Les barrières à l'éducation des filles sont multiples et s'alimentent mutuellement : pauvreté des ménages qui oblige les familles à choisir quel enfant scolariser, normes sociales qui assignent les filles aux tâches domestiques, grossesses précoces qui interrompent brutalement des parcours scolaires, distances importantes entre le domicile et l'école dans les zones rurales, et insécurité des trajets scolaires.
En Côte d'Ivoire, le taux de scolarisation des filles reste inférieur à celui des garçons à tous les niveaux d'enseignement, et l'écart se creuse au fur et à mesure qu'on avance dans le cursus.
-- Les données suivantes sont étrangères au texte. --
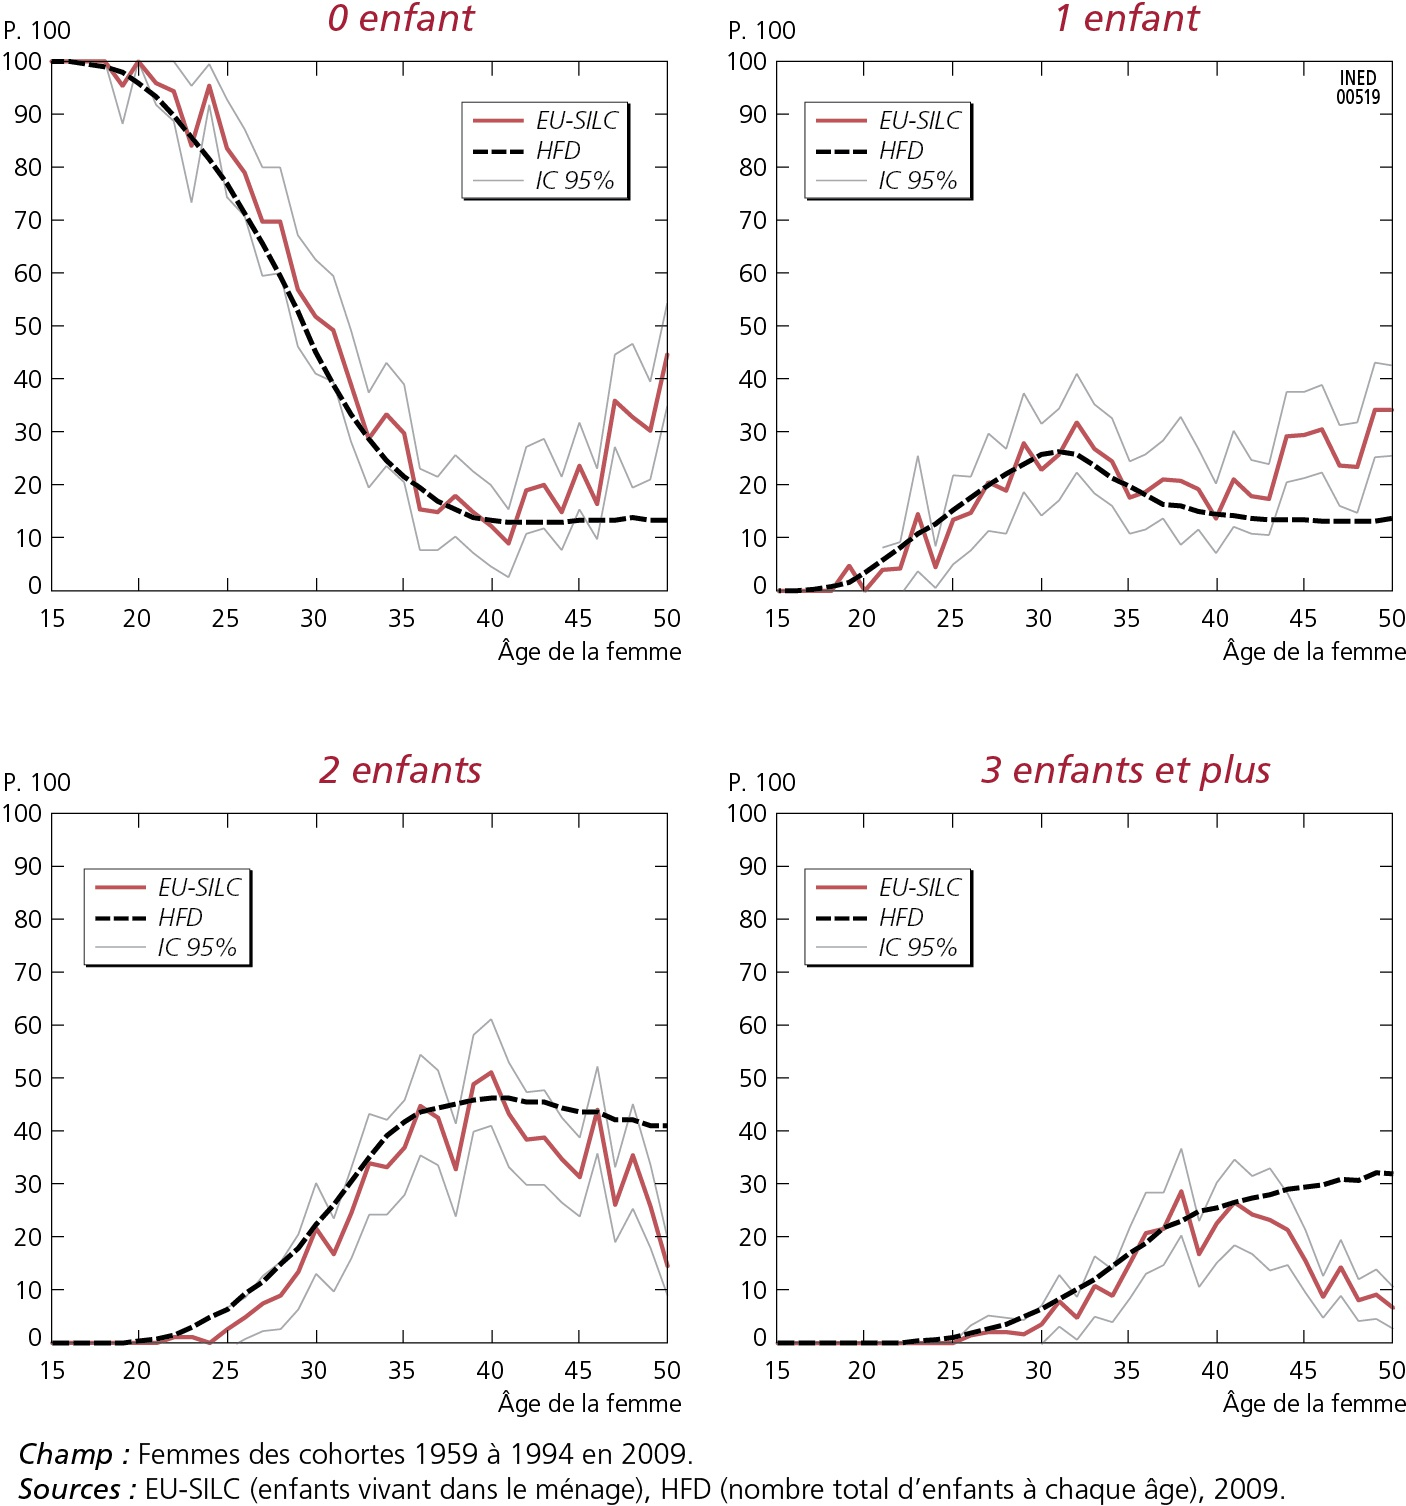 Comparer et de contraste âge absolu datant et l'âge relatif datant
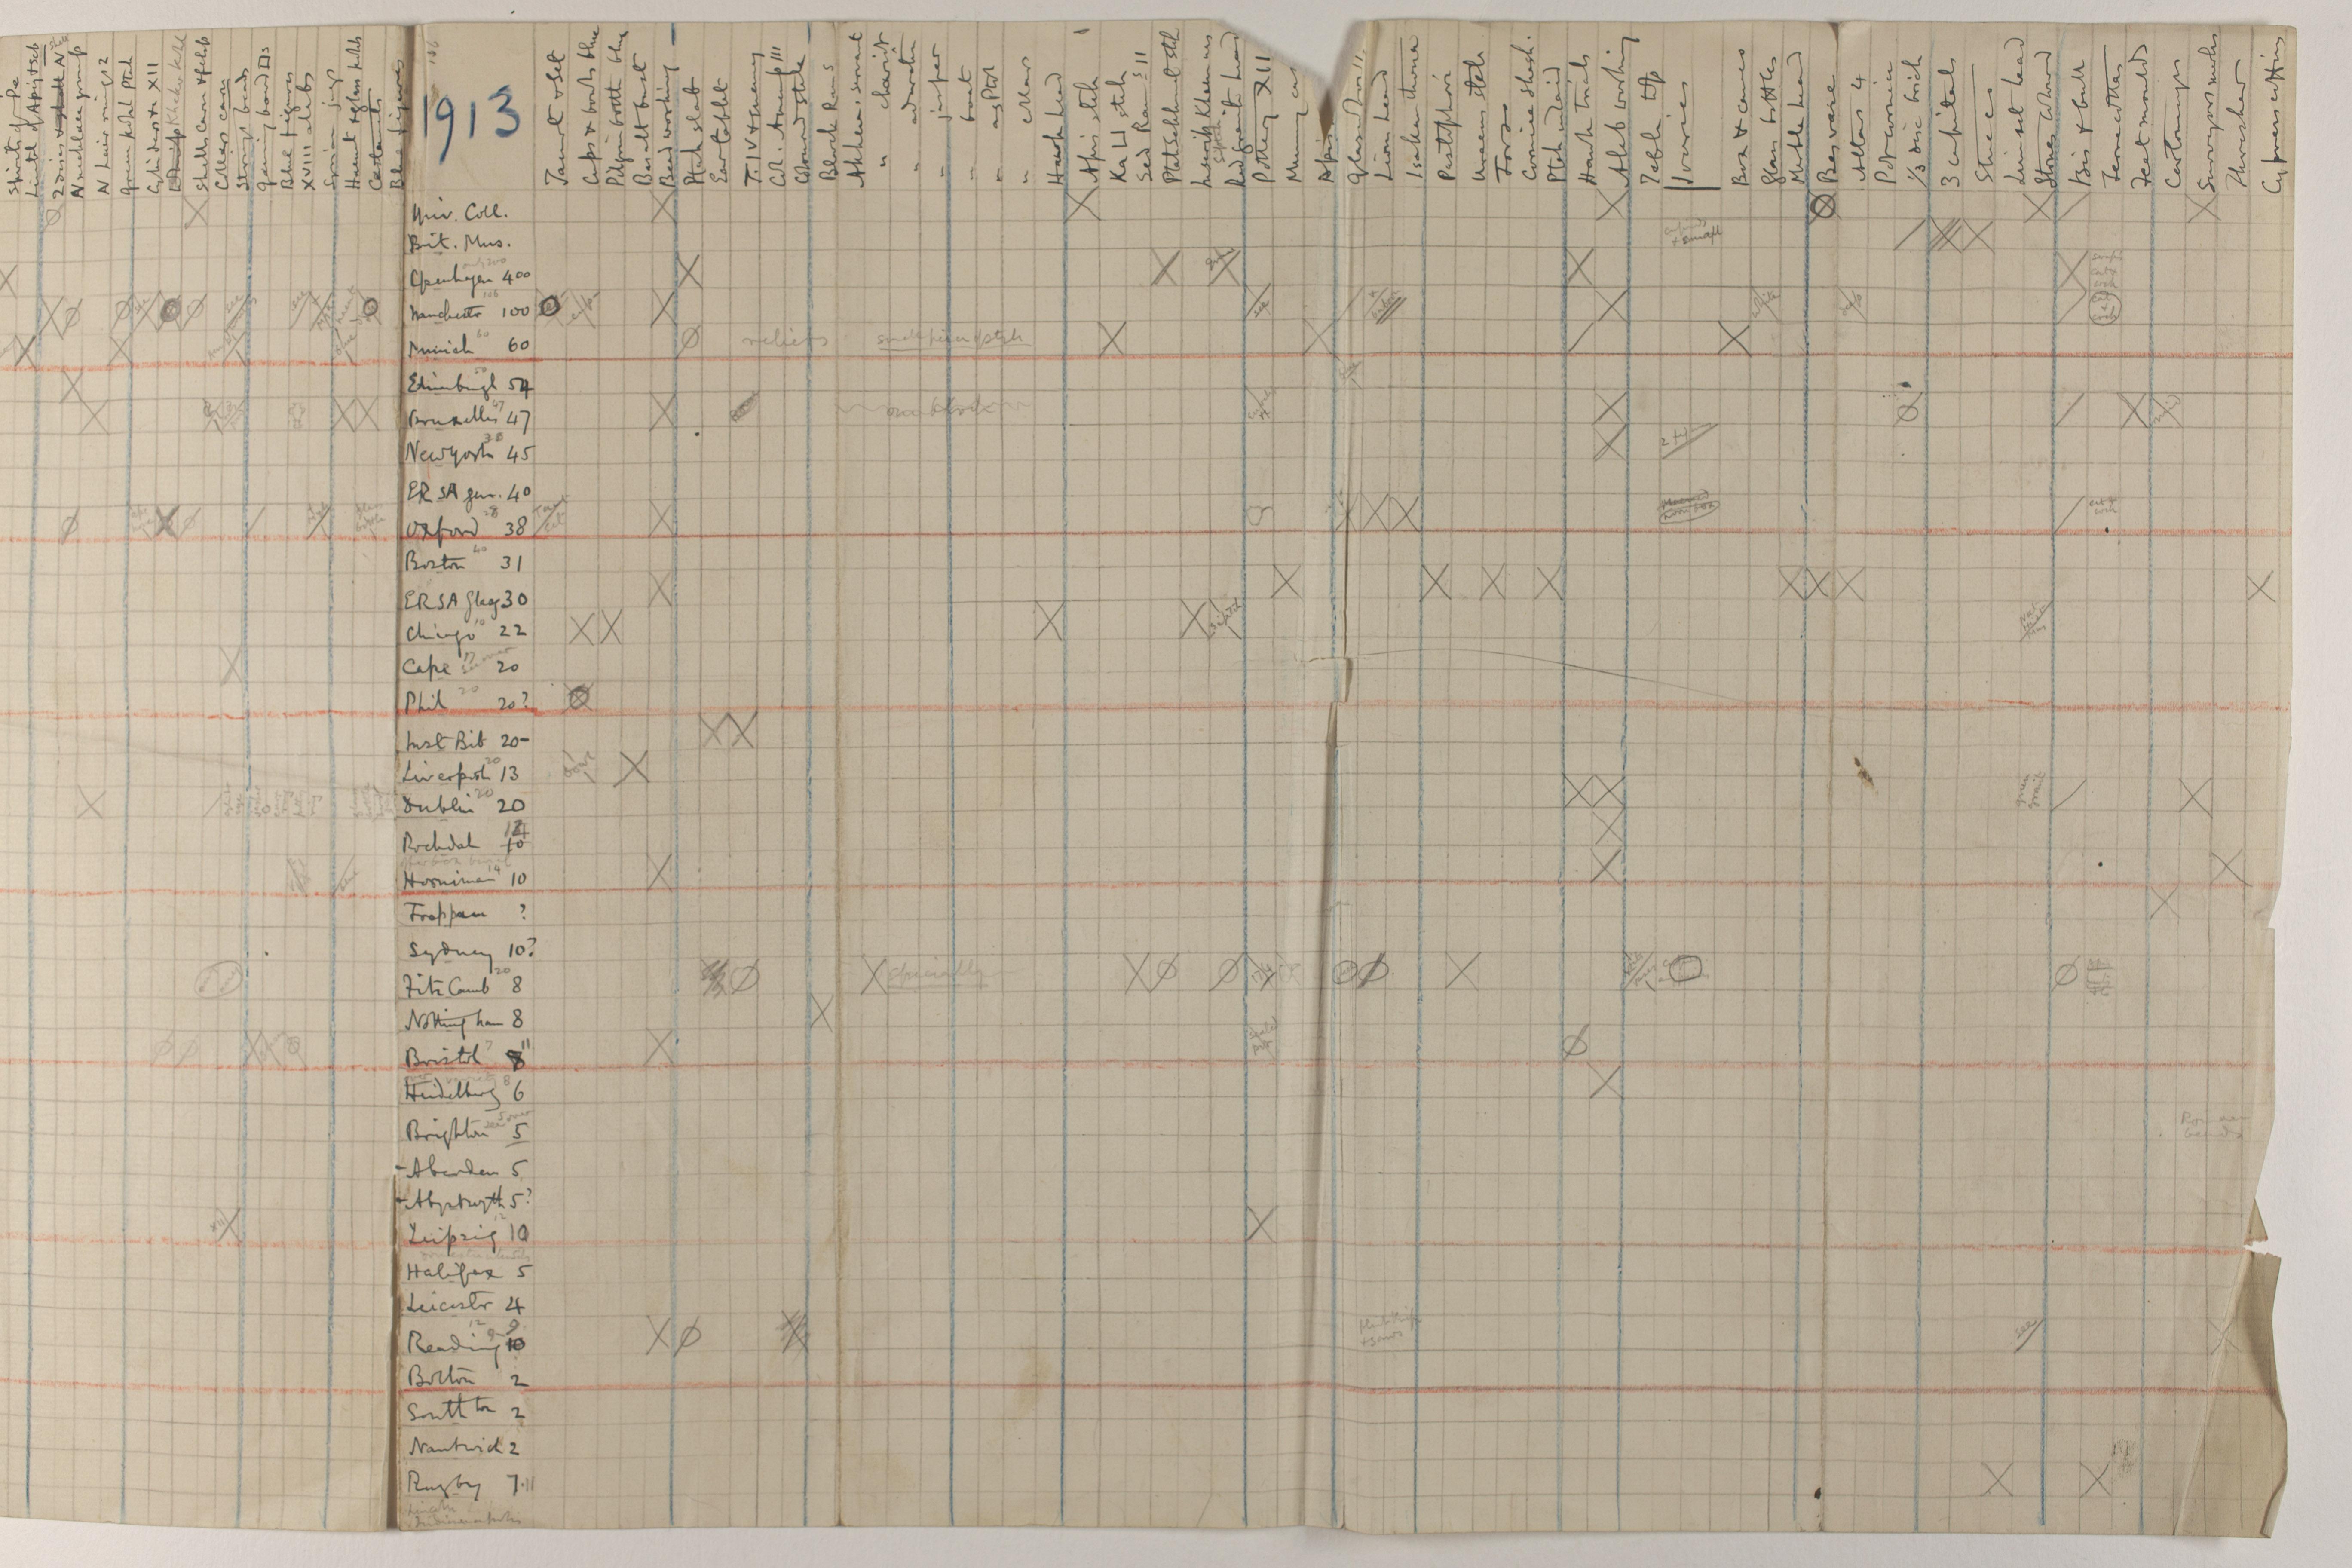 1912-13 Tarkhan, el-Riqqa, Memphis Multiple institution list PMA/WFP1/D/21/1.2

Au secondaire, seulement une fille sur deux en âge d'y aller est effectivement scolarisée.
ENJEUX
- Financer 500 bourses scolaires supplémentaires pour des filles vulnérables d'ici 2024
- Former les familles à comprendre et défendre le droit à l'éducation de leurs filles
- Plaider pour des cantines scolaires universelles qui maintiennent les filles à l'école
- Lutter contre les mariages précoces qui brisent les trajectoires scolaires
« Une fille qui apprend à lire ne sera jamais facile à tromper, à soumettre ou à oublier. C'est pour ça que nous mettons tout en œuvre pour les garder à l'école. »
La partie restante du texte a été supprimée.